> **Exercise brief**
Everything in the listing below must be reproduced exactly, apart from its images.

> **Dataset extract**
==============================

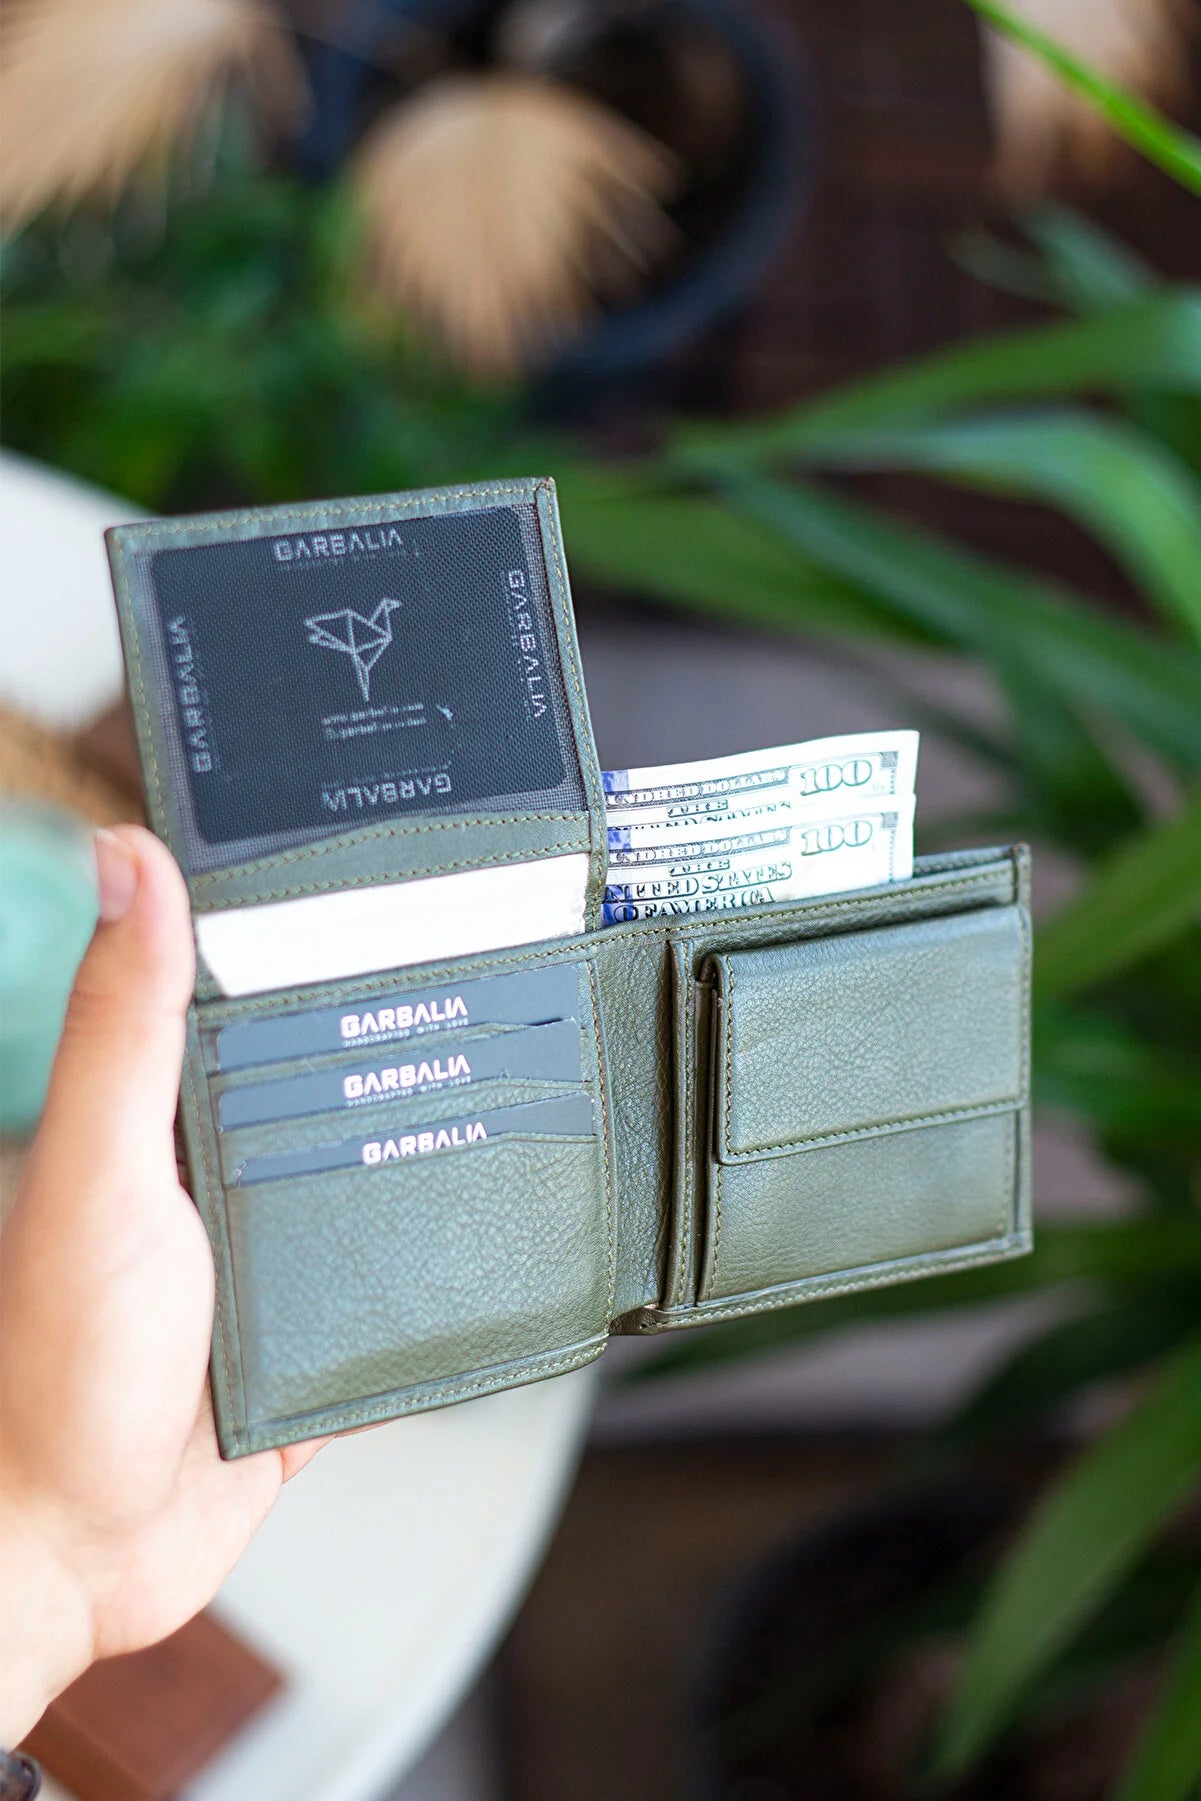 Jackson Genuine Leather RFID Blocking Khaki Green Wallet with Coin Compartment for Men: A Stylish and Secure Choice
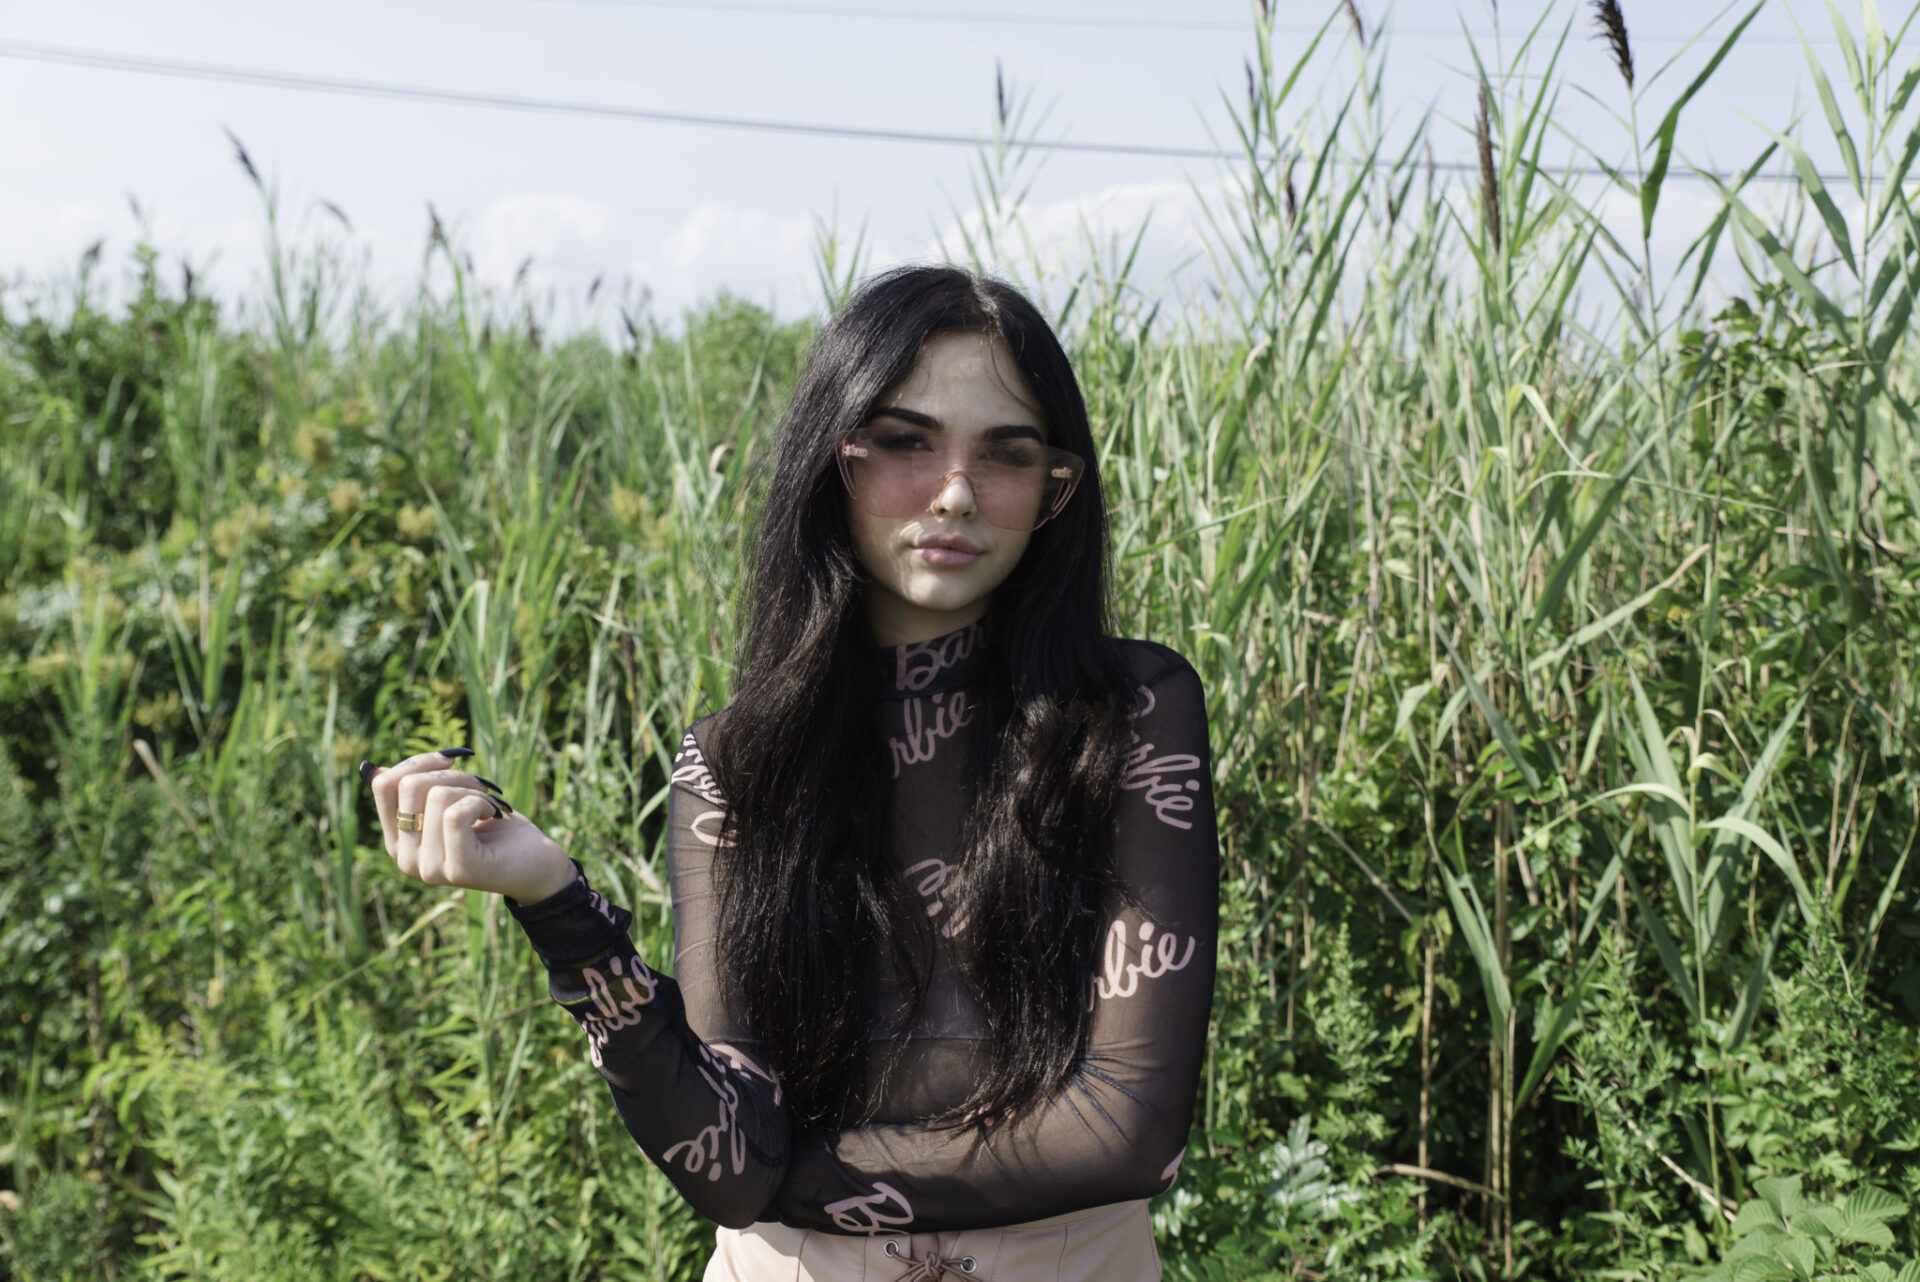 Maggie Lindemann on ‘Pretty Girl’: “We all have stories”
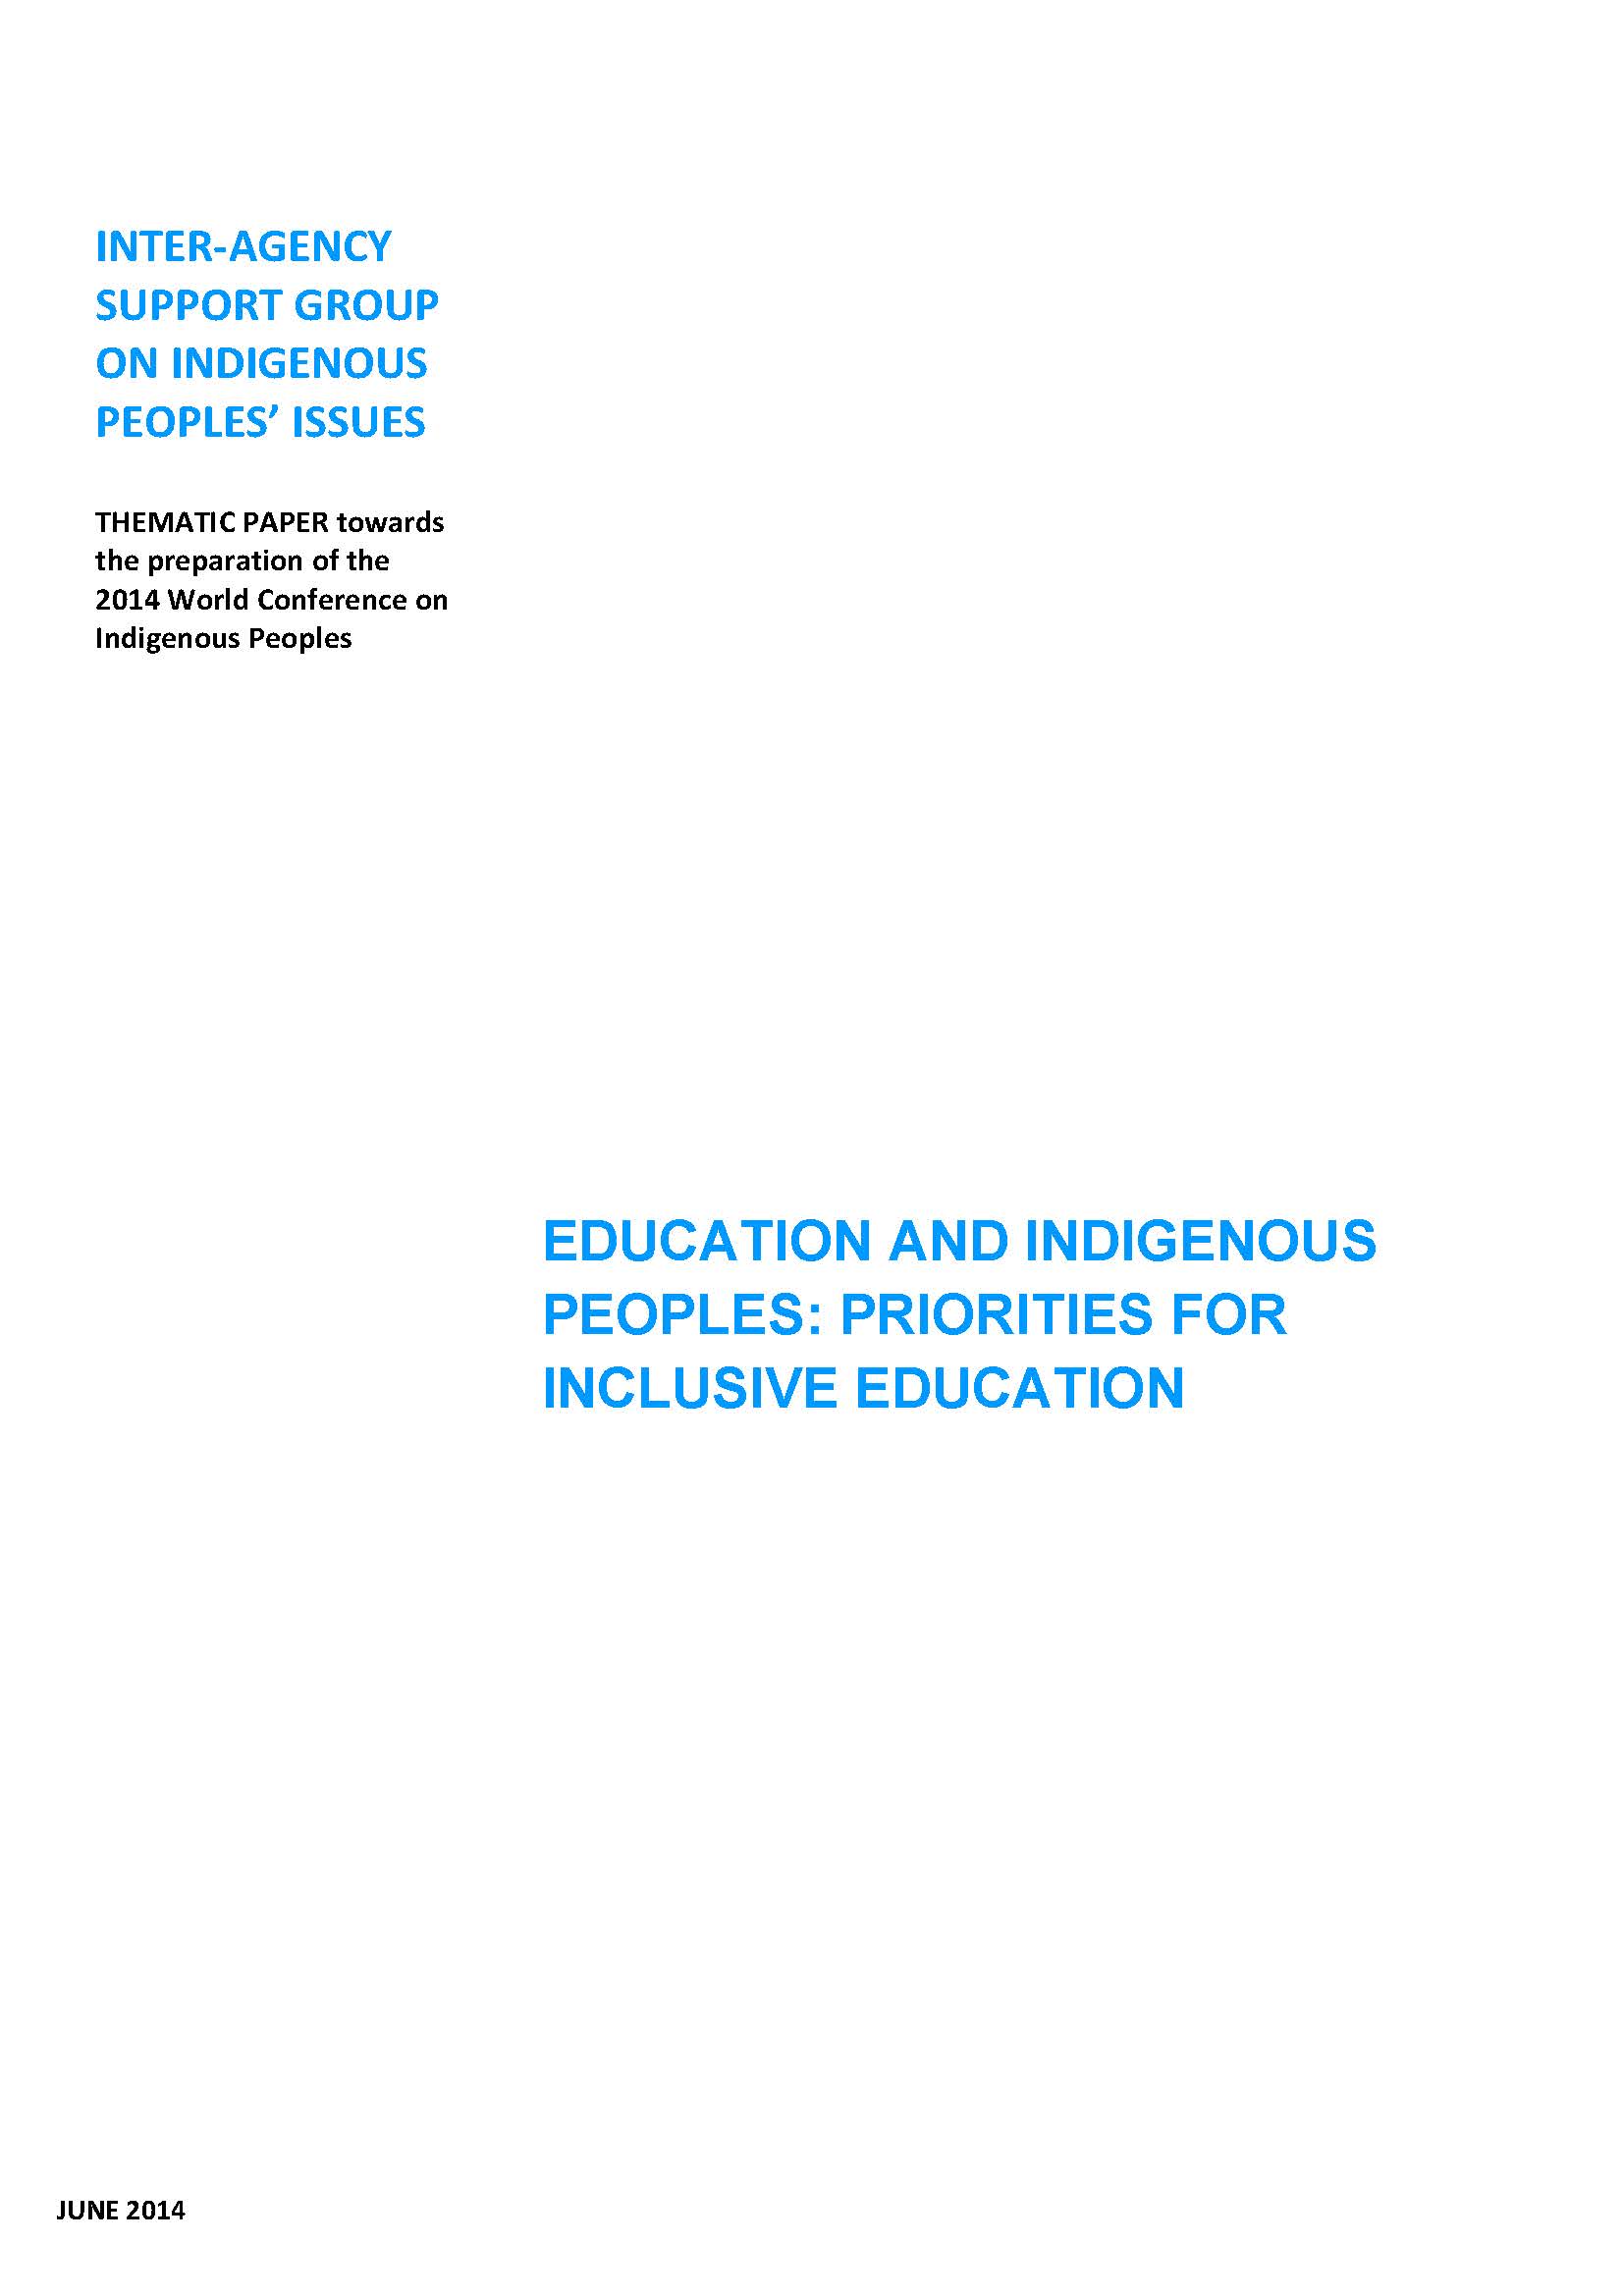 Thematic Paper on Education and Indigenous Peoples Priorities for Inclusive Education

==============================

> **Task response**
 Jackson Genuine Leather RFID Blocking Khaki Green Wallet with Coin Compartment for Men: A Stylish and Secure Choice
 Maggie Lindemann on ‘Pretty Girl’: “We all have stories”
 Thematic Paper on Education and Indigenous Peoples Priorities for Inclusive Education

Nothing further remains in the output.